Думала ли она? Думала ли? Двенадцать лет думала. Сильнее всего тогда, когда Илья выбросил из жизни Вику. Потому что понимала, зачем он это сделал. Может быть, единственная, кто понимал. Это было всеобщее помешательство – жизнь Ильи Макарова, которую он изображал для других. Он казался счастливым и спокойным, меняя женщин одну за другой. Но никогда и никого к себе не подпускал.

Чувство вины – сказано слишком громко. Но промолчи она тогда, просто промолчи… может быть, давно бы перебесился. И тогда все пошло бы иначе.

– Тебе этого не понять, – наконец, скрипящим голосом проговорила Валентина Павловна. – Ты изменяла ему тогда. Ты сбежала при первом удобном случае. Ты жила. А дерьмо, оставшееся за тобой, мы по сей день гребем. Что ты вцепилась в него? Что он тебе сделал, что ты мучишь его?

– Это он вам сказал, что я сбежала? – Алиса отлепилась от дивана и приблизила свое лицо к лицу матери Ильи.

– Нет. Он сказал, что ты умерла. Но только ты почему-то живая, при муже и ребенке. Значит, сбежала, воспользовалась случаем. Зачем? Чтобы теперь вернуться?

– Я думала, он знает, что я жива. Я была уверена – он не хочет, чтобы я возвращалась, – тихо говорила Алиса и смотрела мимо Валентины Павловны. – А сейчас… сейчас все вышло случайно. Но так вышло.

– Вышло?! – ее глаза страшно вспыхнули. – Вышло?! Ты слышишь себя, девочка? Мне все равно, что у тебя вышло! Мне все равно, что тогда происходило! Мне не все равно, что из-за тебя я чуть сына не потеряла!

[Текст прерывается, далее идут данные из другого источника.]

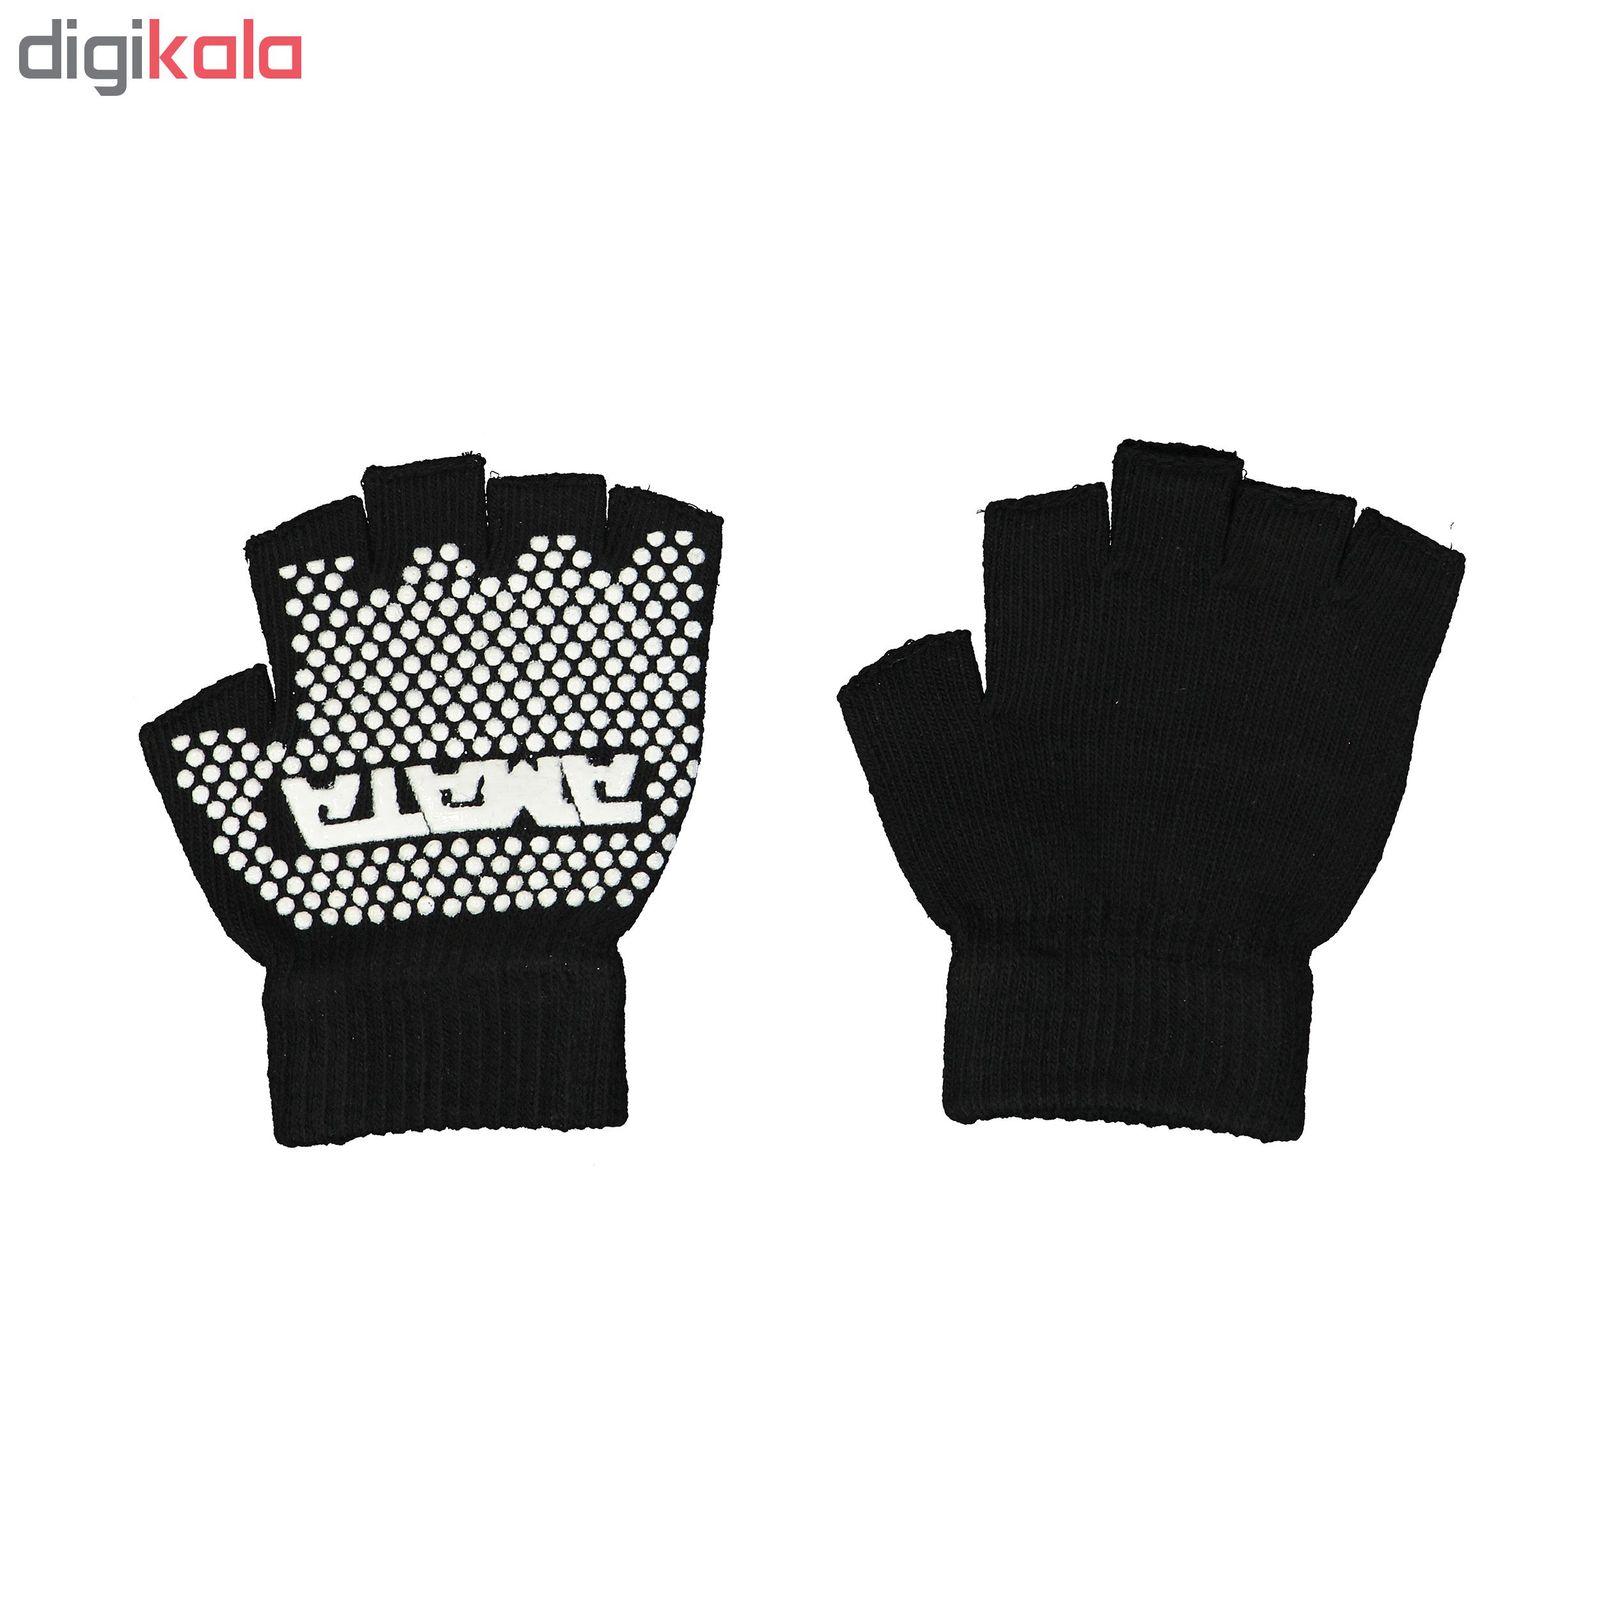 دستکش ورزشی کد 105 main 1 3

Алиса перевела взгляд на нее, открыла рот, но спросить не решилась. Спрашивать и не надо было. Макарову несло. Она схватила ее за плечи, встряхивала и кричала, глядя ей в лицо:

– У тебя у самой дочь! И не дай бог тебе, слышишь? Не дай бог когда-нибудь тебе вынимать собственного ребенка из петли! Я в последнюю минуту успела, ты понимаешь? Он там… в ванной… на бельевой веревке! Ему минуты оставались. И если бы я не приехала, если бы я случайно не приехала проверить, что с ним, потому что он на звонки не отвечал несколько дней! Тебе никогда не понять! И я не хочу, чтобы ты понимала, потому что это страшно!

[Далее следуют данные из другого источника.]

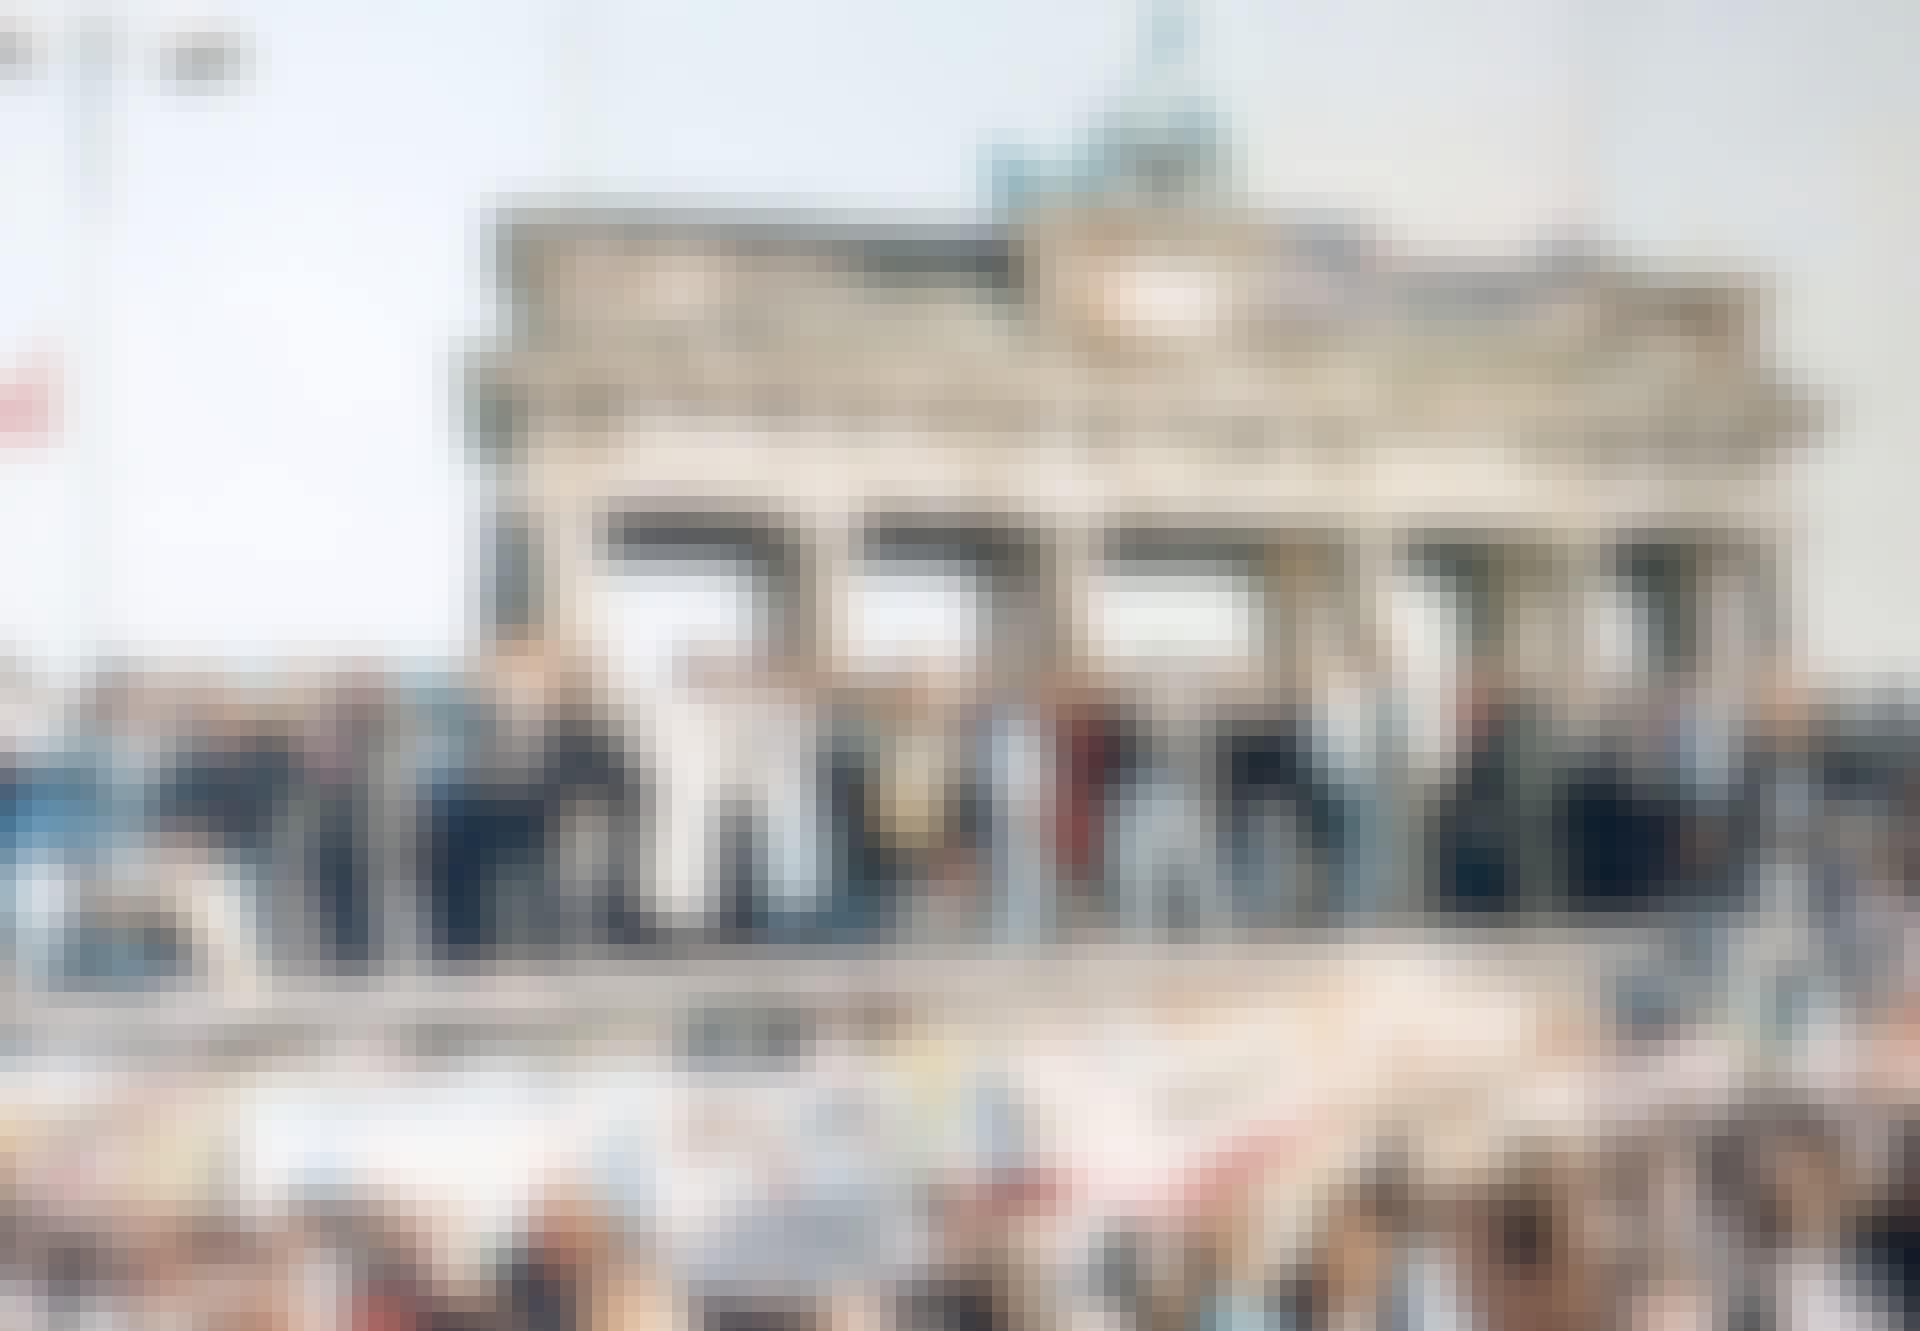 Ihmisiä Berliinin muurilla Brandenburgin portilla

Алиса молчала. На такое нечего говорить. Она молчала и позволяла трусить себя, чувствуя, что так же сильно встряхивается от рук Валентины Павловны сердце.

– А сейчас ты явилась снова мучить его! Что ты от него хочешь? Ты и так забрала все! Что тебе еще нужно! – разрыдалась, в конце концов, Макарова и медленно села на диван, выпуская Алису из рук. Ее рот некрасиво кривился, она прижимала к нему ладонь, но та не могла удержать лающих, всхлипывающих звуков, которое издавало горло. – Он тебя любит, – забормотала она, сбиваясь, – привязала к себе… чем ты его привязала? Что ты такое ему дала, что он ни на кого не смотрит больше?..

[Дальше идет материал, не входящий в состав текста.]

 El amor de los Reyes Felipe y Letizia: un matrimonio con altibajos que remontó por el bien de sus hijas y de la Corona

– Если я уеду – вам станет легче?

Валентина Павловна вздрогнула. И взгляд ее чуть разъяснился.

– Уедешь? Правда уедешь? – она глухо выдохнула – так, что было похоже на стон. –  Мы его тогда в Мюхнен увезли, чтобы он забыл тебя… а он не забыл. Оказывается, никогда не забывал… Если ты ничего не можешь дать ему, то хоть от боли избавь. Он тебе не нужен, сама же понимаешь.

– Не нужен… – тупо повторила за ней Алиса. Макаров прав. Двенадцать лет прошло – ничего не меняется. – А вам нужно, чтобы я уехала. Ладно!

– Обещаешь?

– Да.

У Макаровой в горле разом пересохло. Она смотрела на Алису и не верила. Ненавидела ее и не верила. Когда-то эта девочка кричала ей, что будет с Ильей столько, сколько ему будет нужно. И исчезла из его жизни таким страшным способом. Теперь она уходит без борьбы. Почему? Как?

– Спасибо, – севшим голосом проговорила Валентина Павловна и стала оглядываться по комнате в поисках чего-то, за что могла бы зацепиться, чтобы не разрыдаться еще сильнее. Потому что не хотела чувствовать ничего человеческого к этой женщине. Кресло. Старые тюлевые занавески. Допотопный телевизор. Ковер с дурацкими зелеными ромбиками – безвкусная геометрия. Сервант с десятком фотографий. Она снова глянула на Алису и попросила: – Можешь принести мне воды, пожалуйста…

Алиса быстро поднялась и скрылась в коридоре. А Валентина Павловна устало закрыла глаза. На одно мгновение. Собираясь с мыслями. Вывернулась наизнанку, рискуя всем на свете. А что получила в ответ? Откуда это царапающее чувство, что все уже было? Что однажды она уже все испортила! Ведь никогда не чувствовала вины!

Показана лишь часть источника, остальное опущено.